• Supplied information:
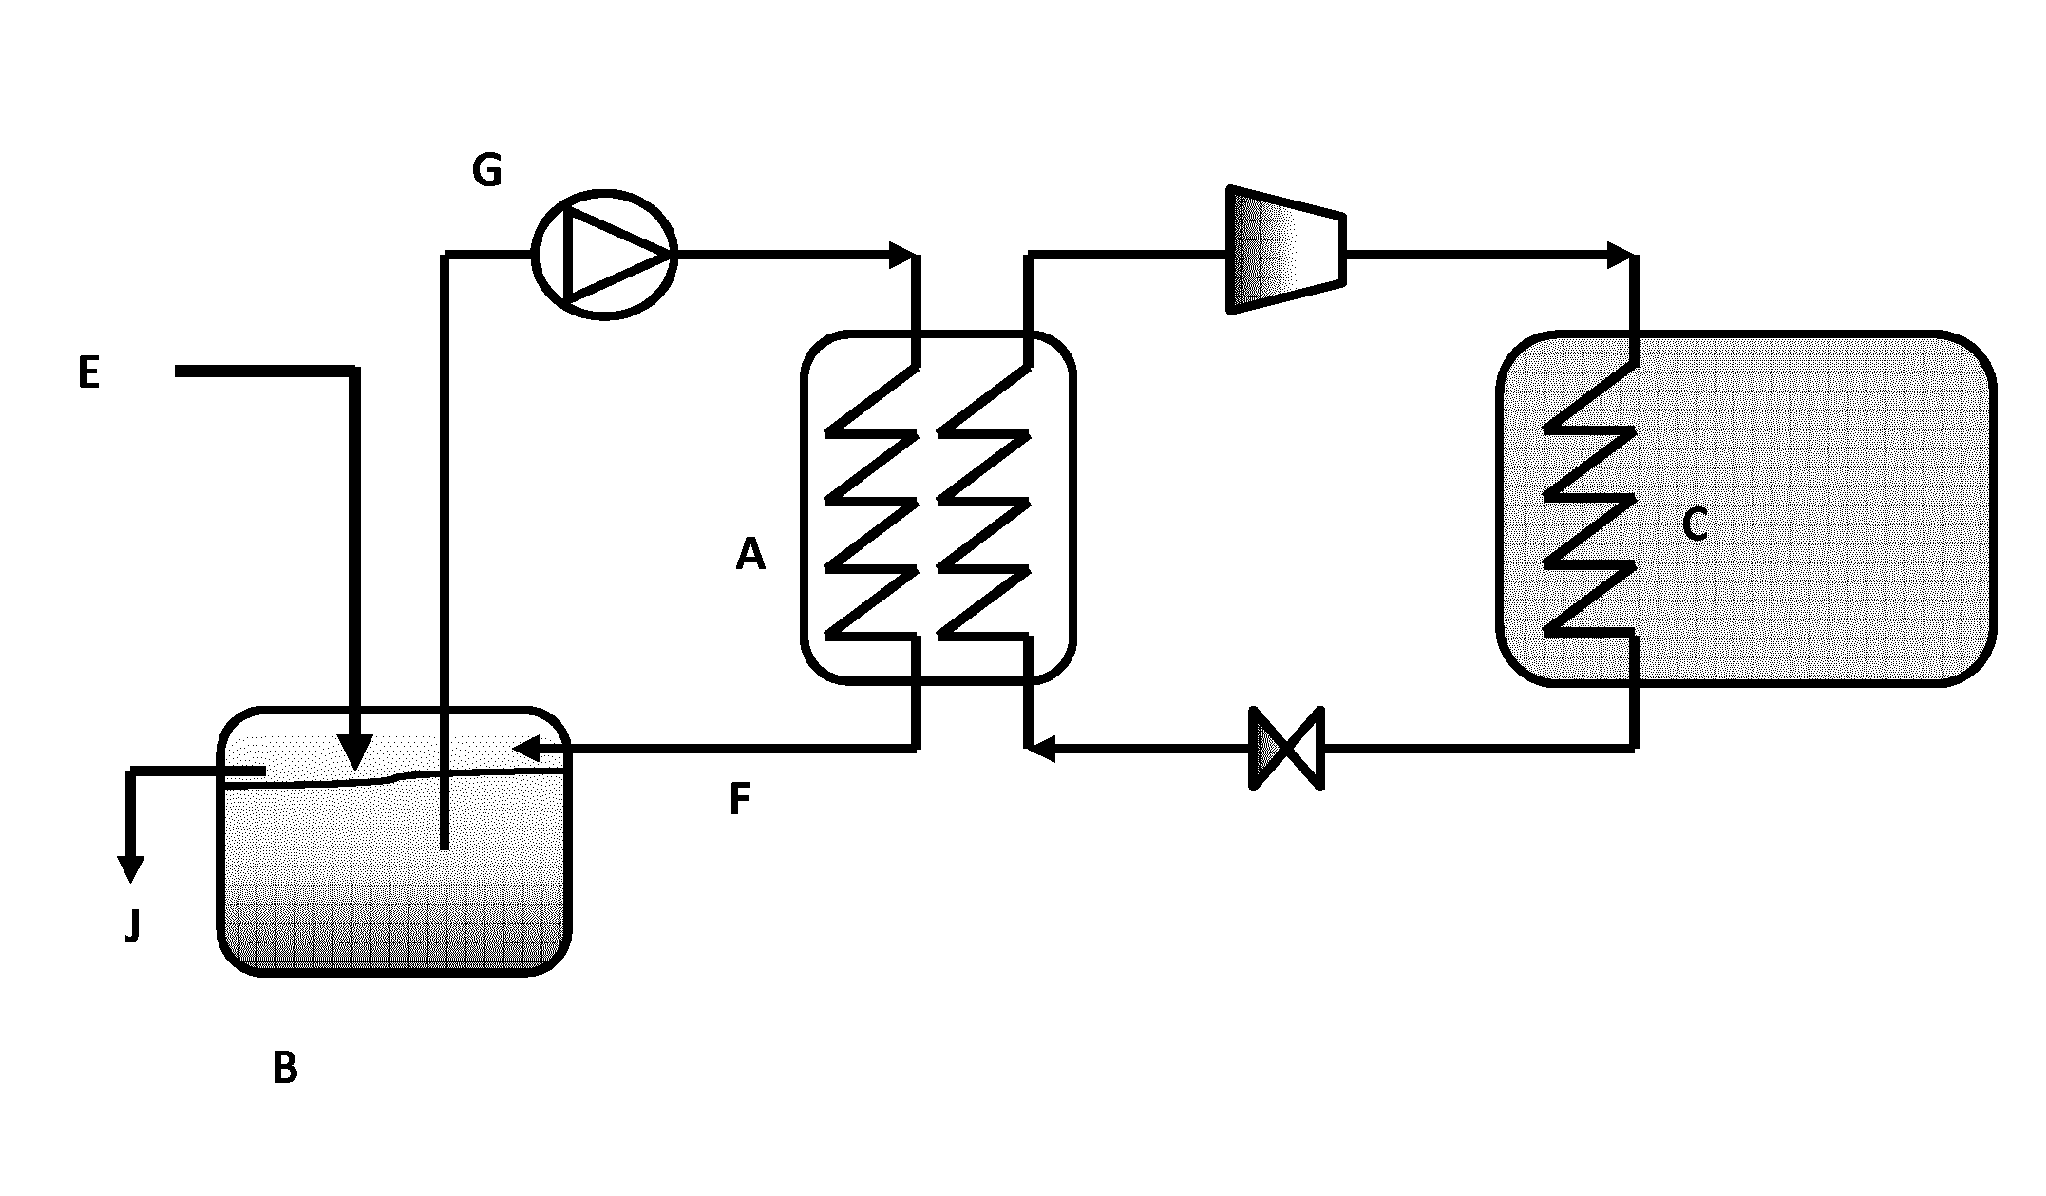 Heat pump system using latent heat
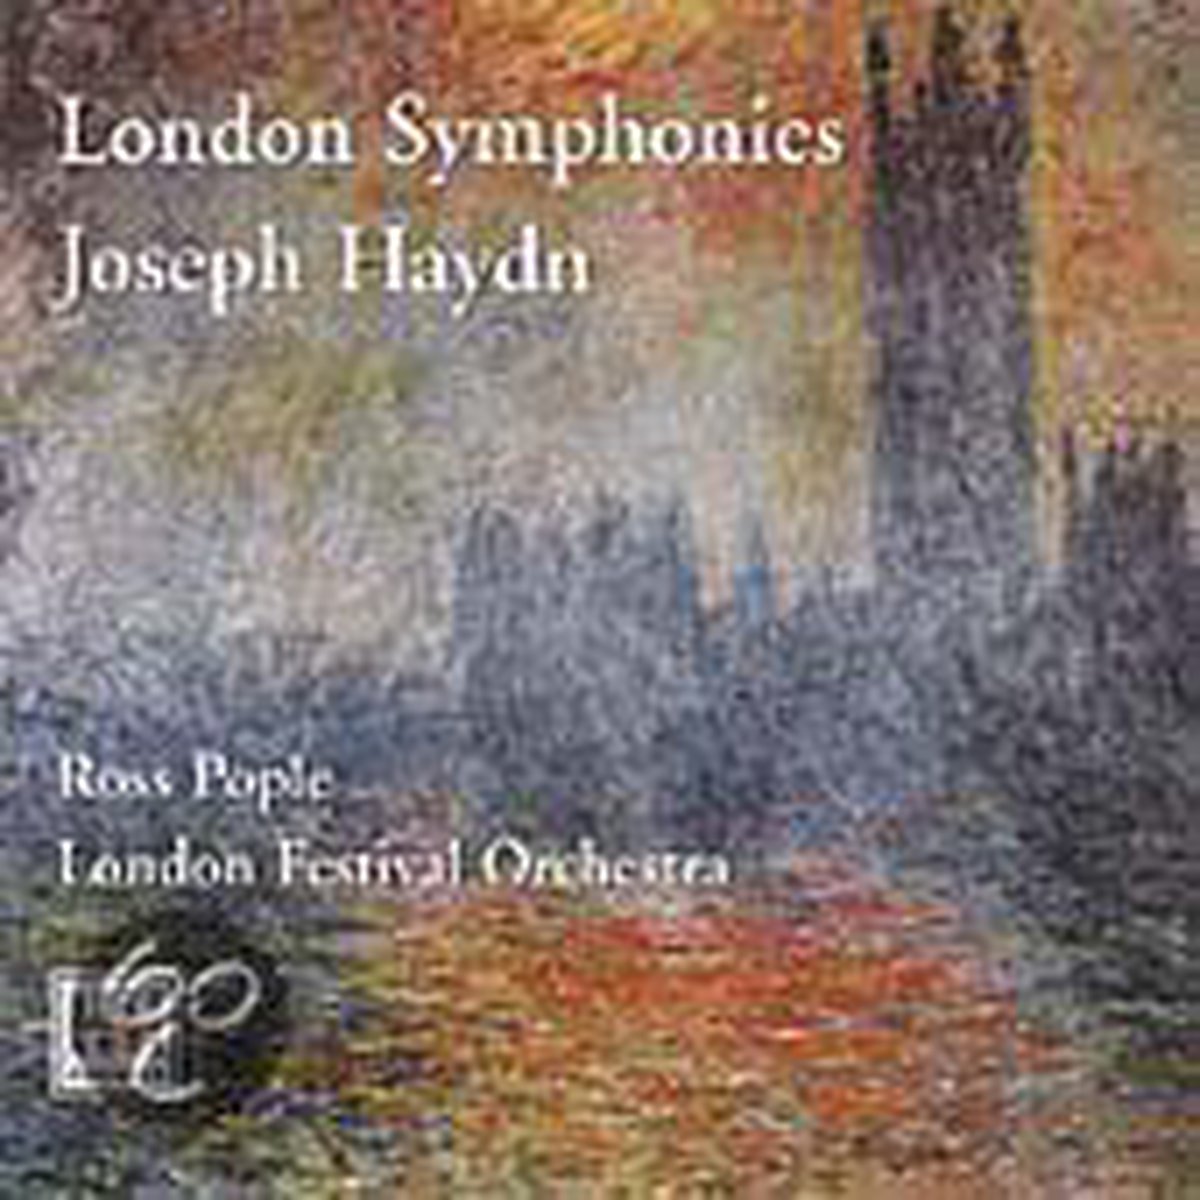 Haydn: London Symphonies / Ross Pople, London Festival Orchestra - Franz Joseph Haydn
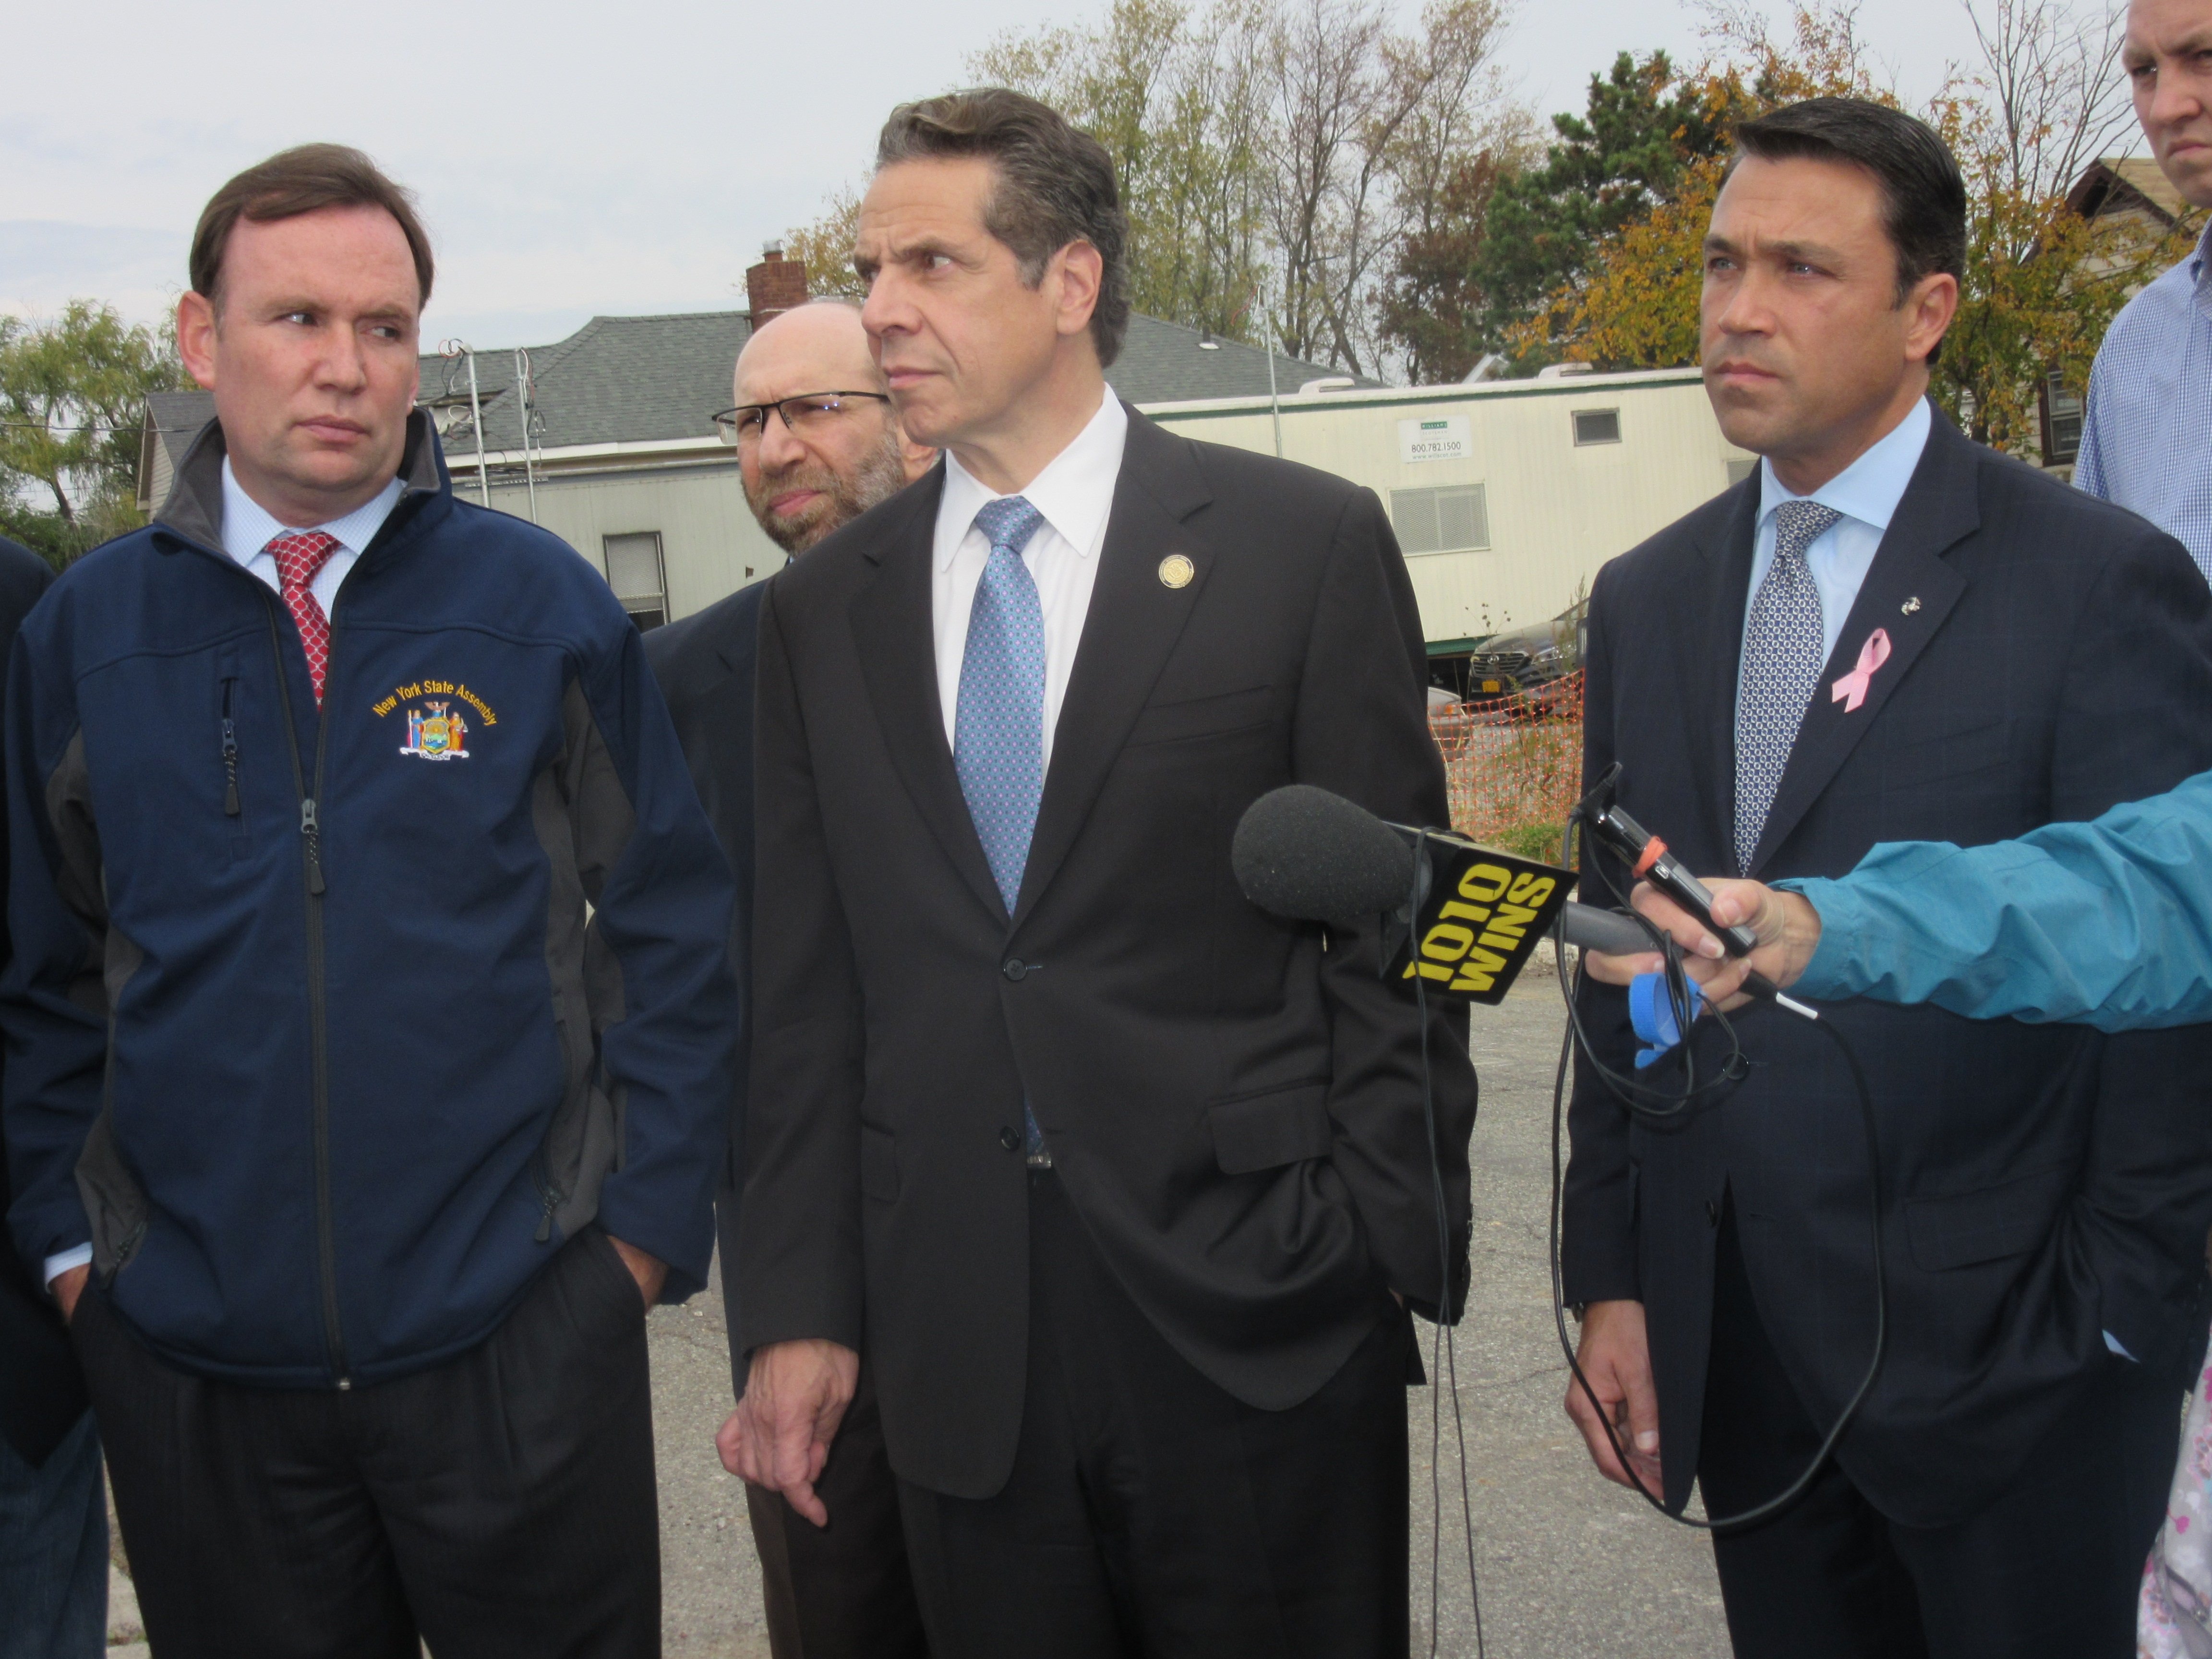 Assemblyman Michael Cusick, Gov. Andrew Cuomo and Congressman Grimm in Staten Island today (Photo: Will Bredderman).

• What the task asks:
Keep the pictures out of the copy and write out the data exactly as it stands.

• Result of this exercise:
 Heat pump system using latent heat
 Haydn: London Symphonies / Ross Pople, London Festival Orchestra - Franz Joseph Haydn
 Assemblyman Michael Cusick, Gov. Andrew Cuomo and Congressman Grimm in Staten Island today (Photo: Will Bredderman).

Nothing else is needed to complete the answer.